YOUR ASSIGNMENT: Set the material down again exactly, line by line, skipping each picture.

GIVEN MATERIAL:
[Start of section]
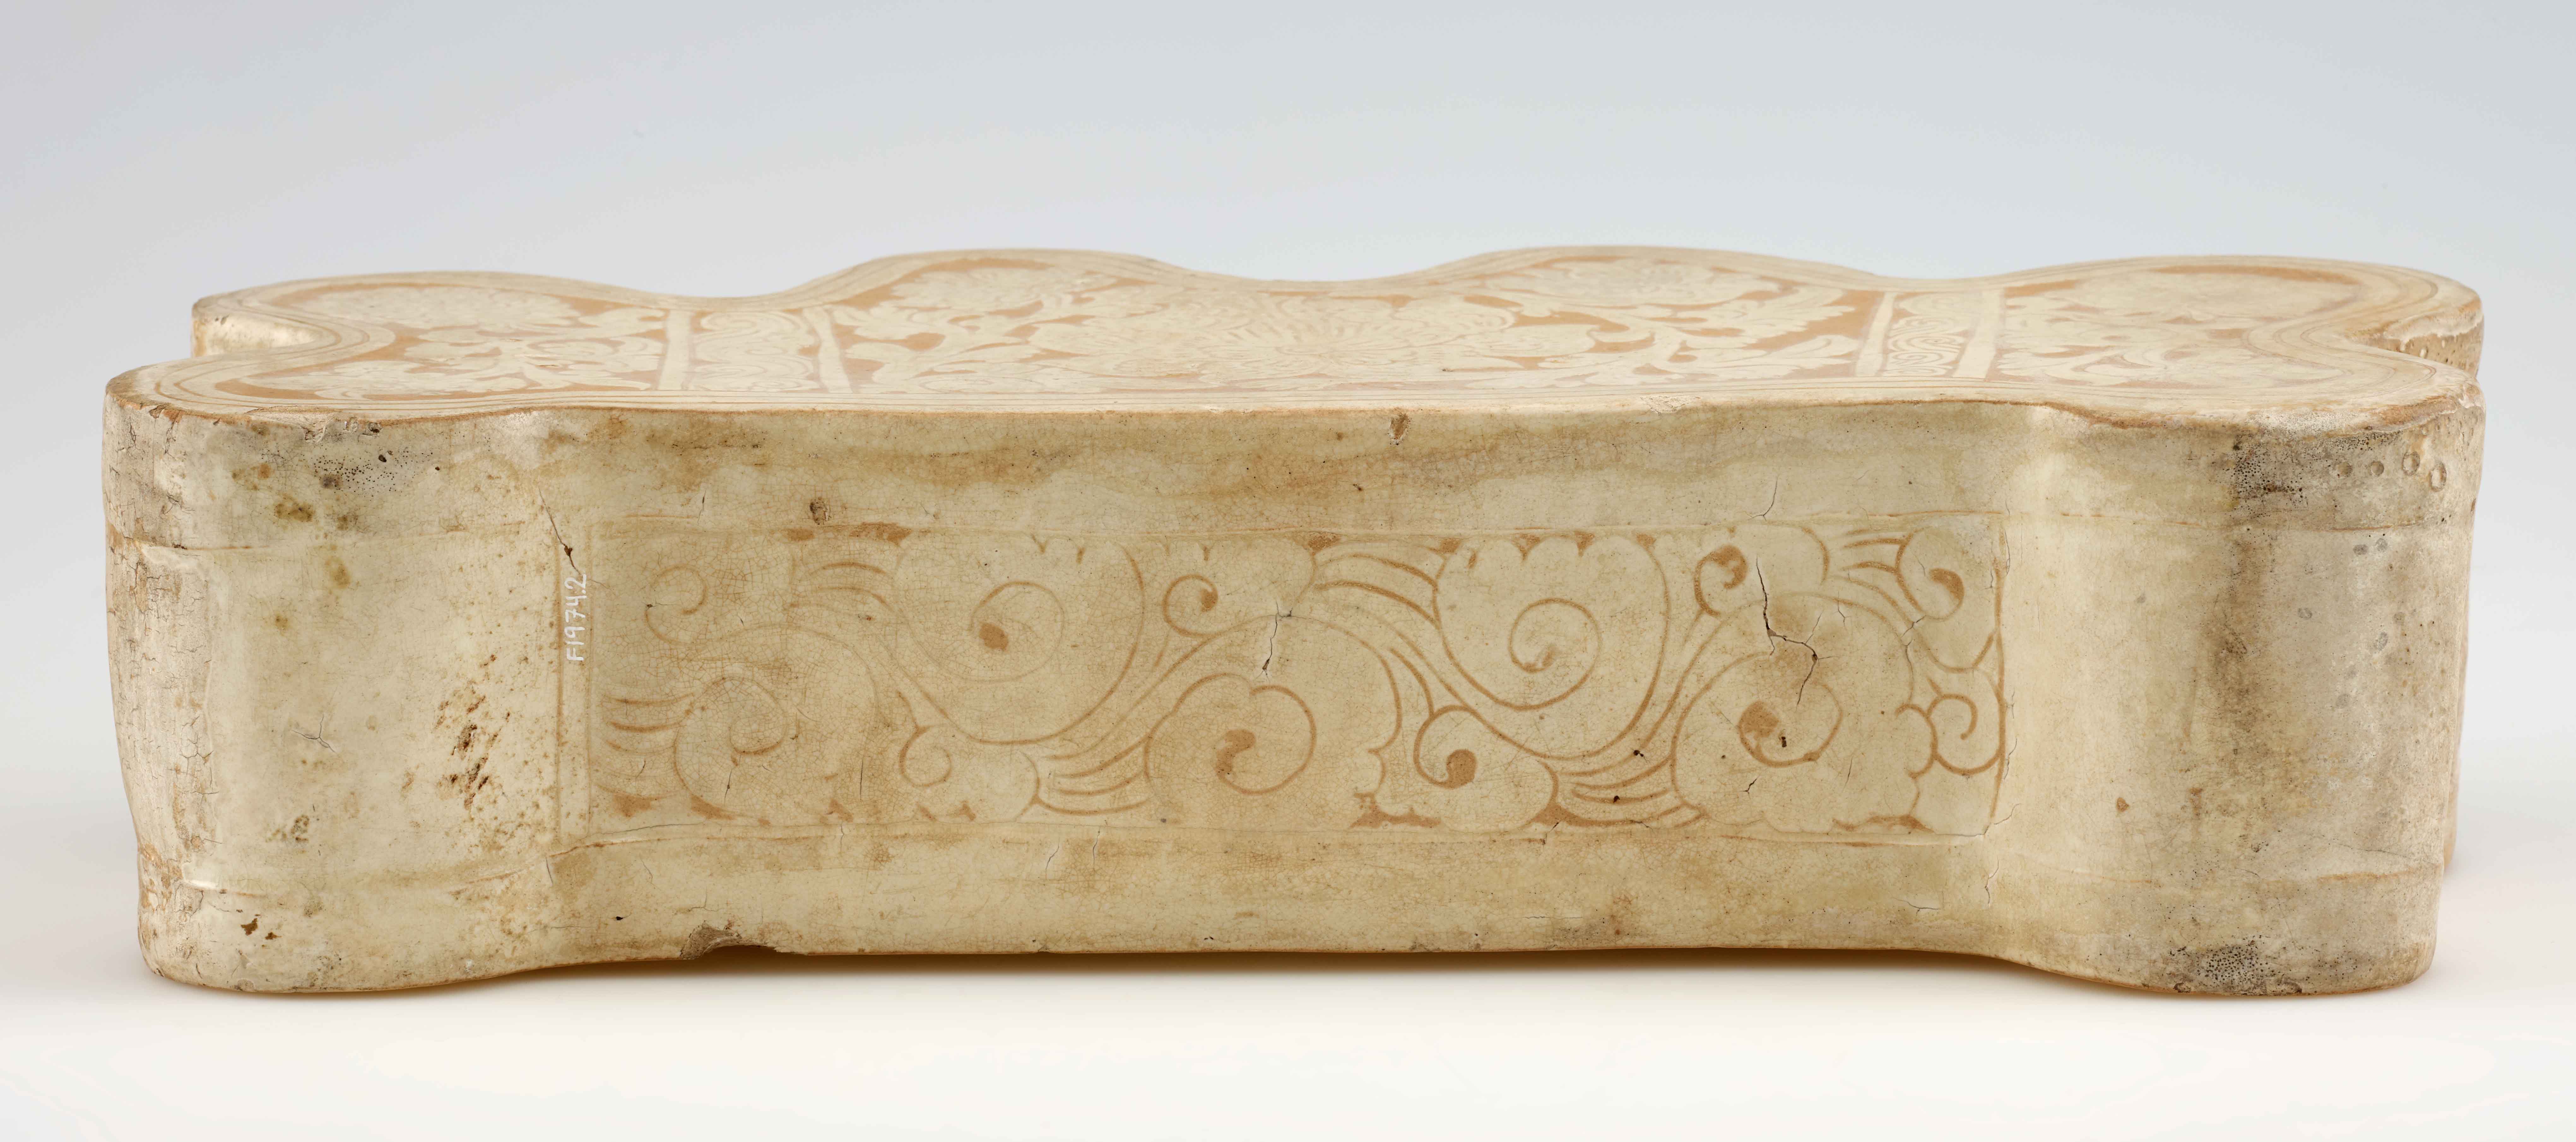 Pillow, Northern Song dynasty, 1063, Cizhou-type ware, stoneware with white slip under transparent colorless glaze, China, probably southern Shaanxi province, 19.2 x 39.8 x 10 cm (Freer Gallery of Art, Smithsonian Institution, Washington, DC: Gift of Eugene and Agnes E. Meyer, F1974.2)
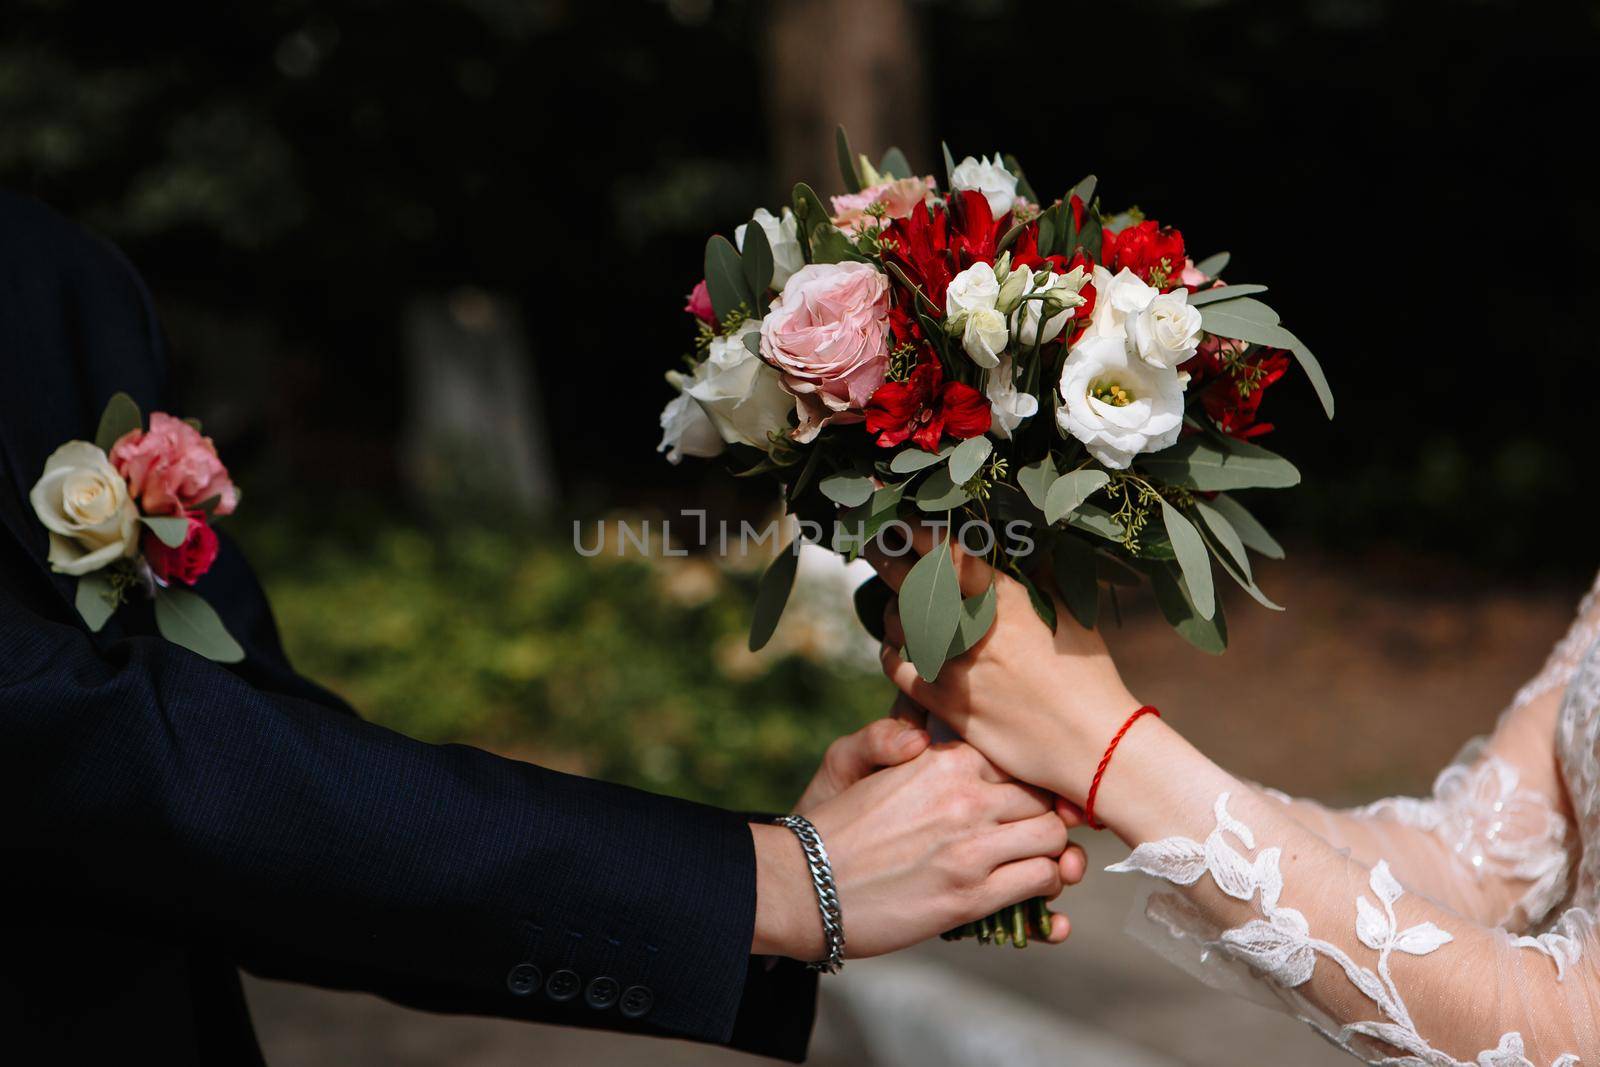 Beautiful wedding bouquet with colorful flowers. Transfer of the groom's bouquet to the bride.
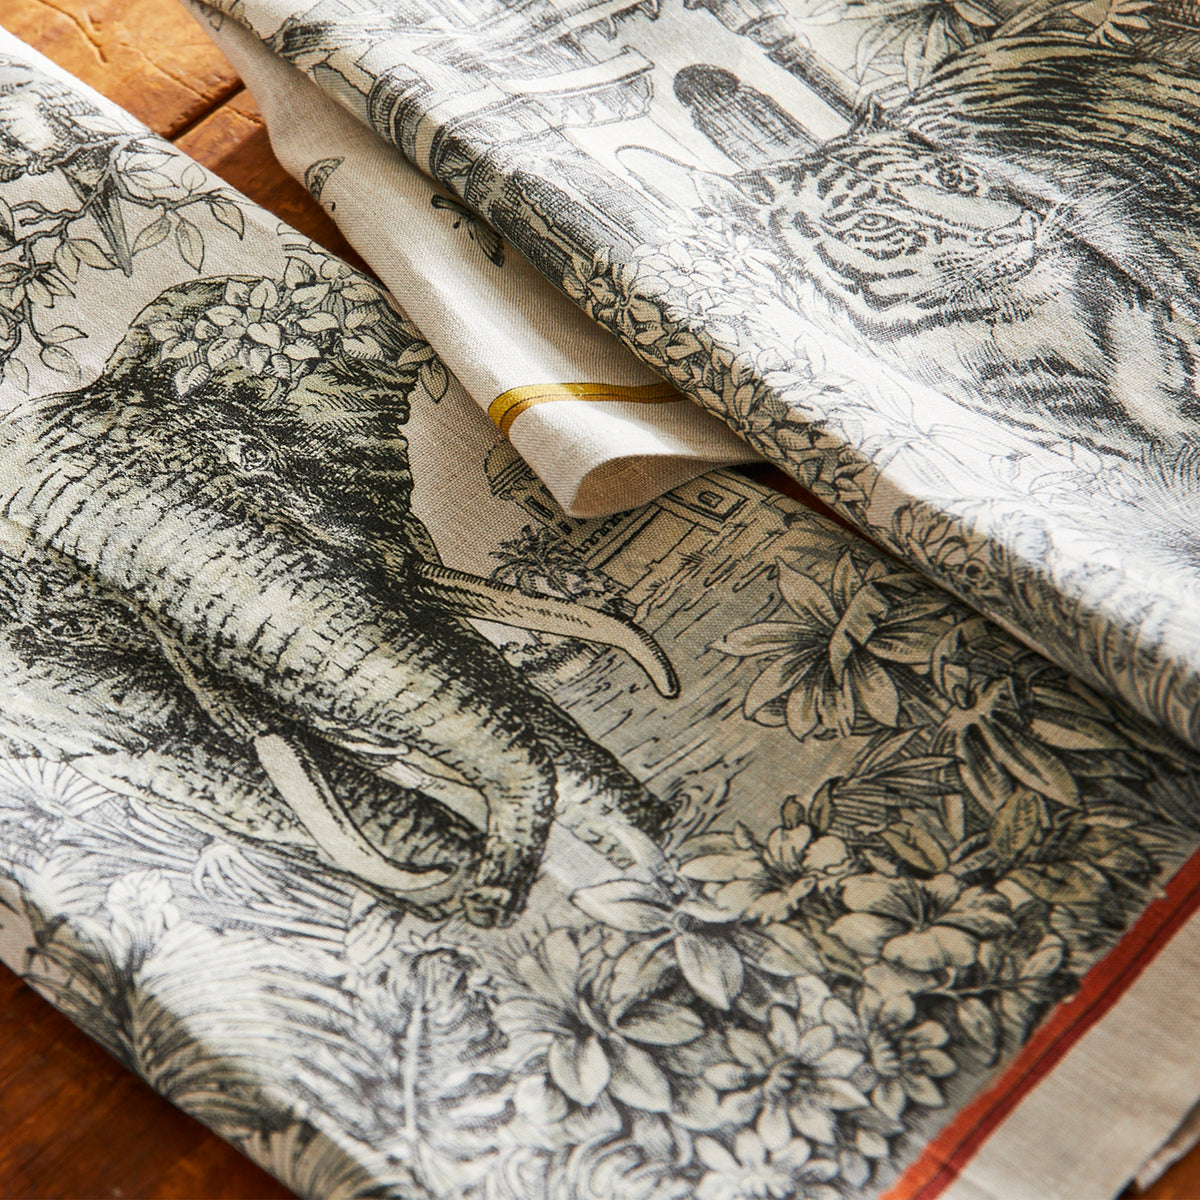 A Morocco Linen Kitchen Towels Set/2 with an elephant on it, perfect for your kitchen in Italy. (Brand: TTT)
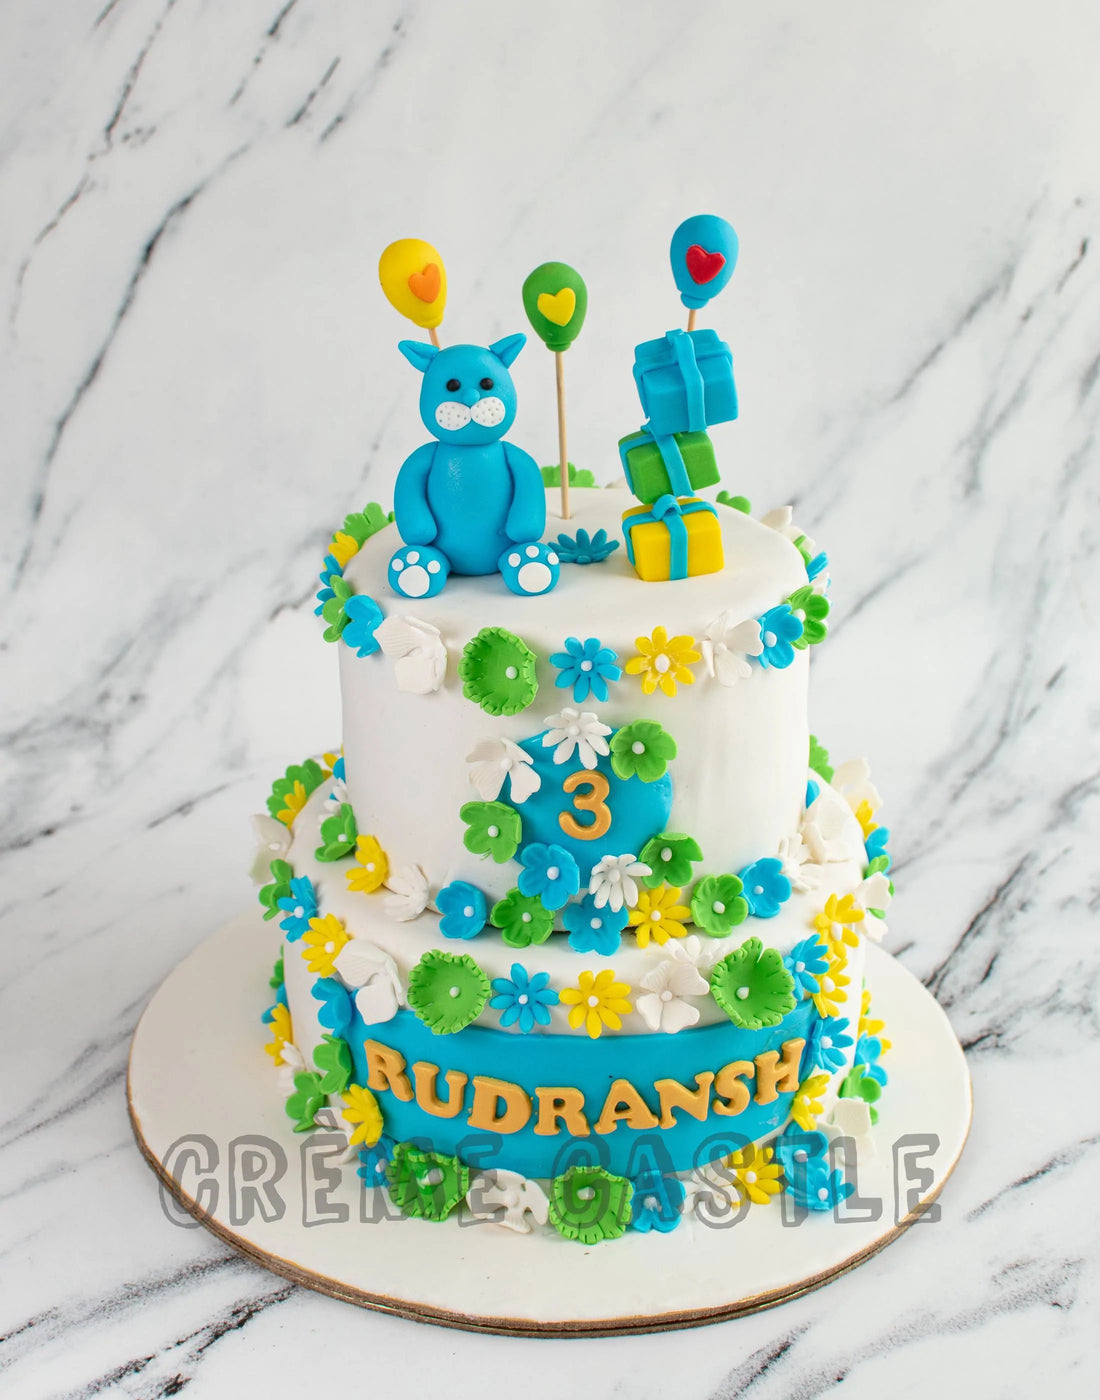 Bear and Presents Design Cake
[End of section]
REPLY:
 Pillow, Northern Song dynasty, 1063, Cizhou-type ware, stoneware with white slip under transparent colorless glaze, China, probably southern Shaanxi province, 19.2 x 39.8 x 10 cm (Freer Gallery of Art, Smithsonian Institution, Washington, DC: Gift of Eugene and Agnes E. Meyer, F1974.2)
 Beautiful wedding bouquet with colorful flowers. Transfer of the groom's bouquet to the bride.
 A Morocco Linen Kitchen Towels Set/2 with an elephant on it, perfect for your kitchen in Italy. (Brand: TTT)
 Bear and Presents Design Cake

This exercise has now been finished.